RVU representor driver adds support for creation of representor devices for RVU PFs’ VFs in the system. Representor devices are created when user enables the switchdev mode. Switchdev mode can be enabled either before or after setting up SRIOV numVFs. All representor devices share a single NIXLF but each has a dedicated Rx/Tx queues. RVU PF representor driver registers a separate netdev for each Rx/Tx queue pair.

Current HW does not support built-in switch which can do L2 learning and forwarding packets between representee and representor. Hence, packet path between representee and it’s representor is achieved by setting up appropriate NPC MCAM filters. Transmit packets matching these filters will be loopbacked through hardware loopback channel/interface (i.e, instead of sending them out of MAC interface). Which will again match the installed filters and will be forwarded.
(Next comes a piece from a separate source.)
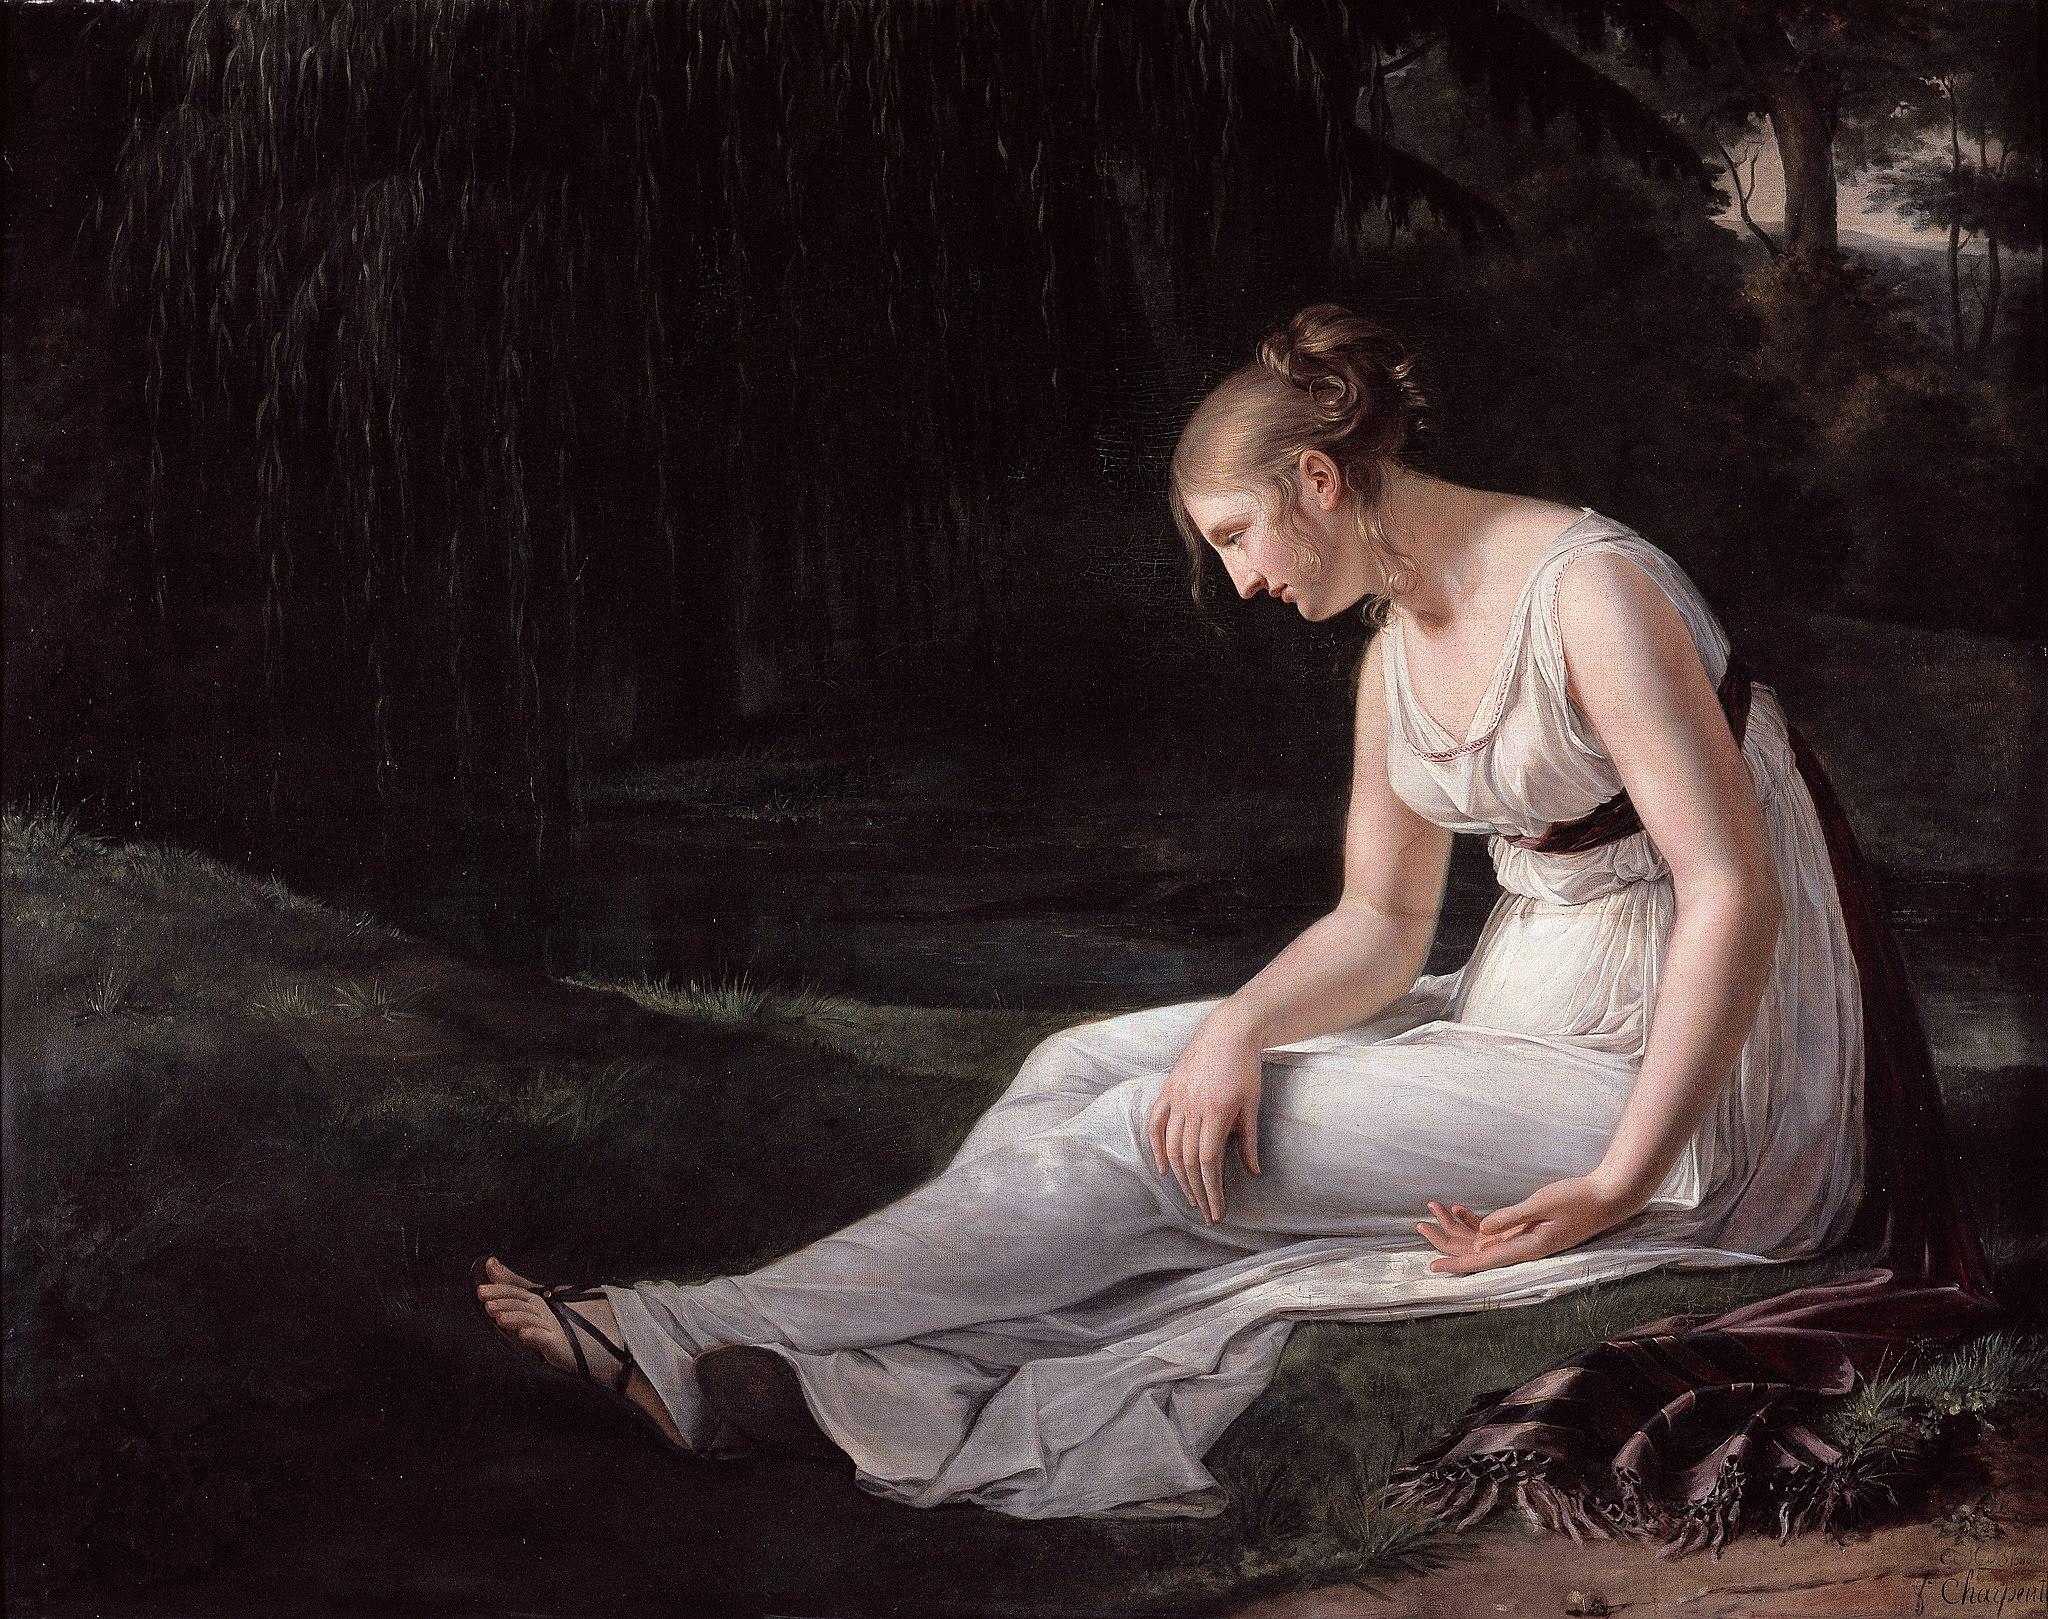 2048px Charpentier Constance Marie Melancholy 1801

This way representee => representor and representor => representee packet path is achieved. These rules get installed when representors are created and gets active/deactivate based on the representor/representee interface state.

Usage example:

  • Change device to switchdev mode:

    # devlink dev eswitch set pci/0002:1c:00.0 mode switchdev
    
  • List of representor devices on the system:

    # ip link show
    Rpf1vf0: <BROADCAST,MULTICAST,UP,LOWER_UP> mtu 1500 qdisc pfifo_fast state DOWN mode DEFAULT group default qlen 1000 link/ether f6:43:83:ee:26:21 brd ff:ff:ff:ff:ff:ff
    Rpf1vf1: <BROADCAST,MULTICAST,UP,LOWER_UP> mtu 1500 qdisc pfifo_fast state DOWN mode DEFAULT group default qlen 1000 link/ether 12:b2:54:0e:24:54 brd ff:ff:ff:ff:ff:ff
    Rpf1vf2: <BROADCAST,MULTICAST,UP,LOWER_UP> mtu 1500 qdisc pfifo_fast state DOWN mode DEFAULT group default qlen 1000 link/ether 4a:12:c4:4c:32:62 brd ff:ff:ff:ff:ff:ff
    Rpf1vf3: <BROADCAST,MULTICAST,UP,LOWER_UP> mtu 1500 qdisc pfifo_fast state DOWN mode DEFAULT group default qlen 1000 link/ether ca:cb:68:0e:e2:6e brd ff:ff:ff:ff:ff:ff
    Rpf2vf0: <BROADCAST,MULTICAST,UP,LOWER_UP> mtu 1500 qdisc pfifo_fast state DOWN mode DEFAULT group default qlen 1000 link/ether 06:cc:ad:b4:f0:93 brd ff:ff:ff:ff:ff:ff
    

To delete the representors devices from the system. Change the device to legacy mode.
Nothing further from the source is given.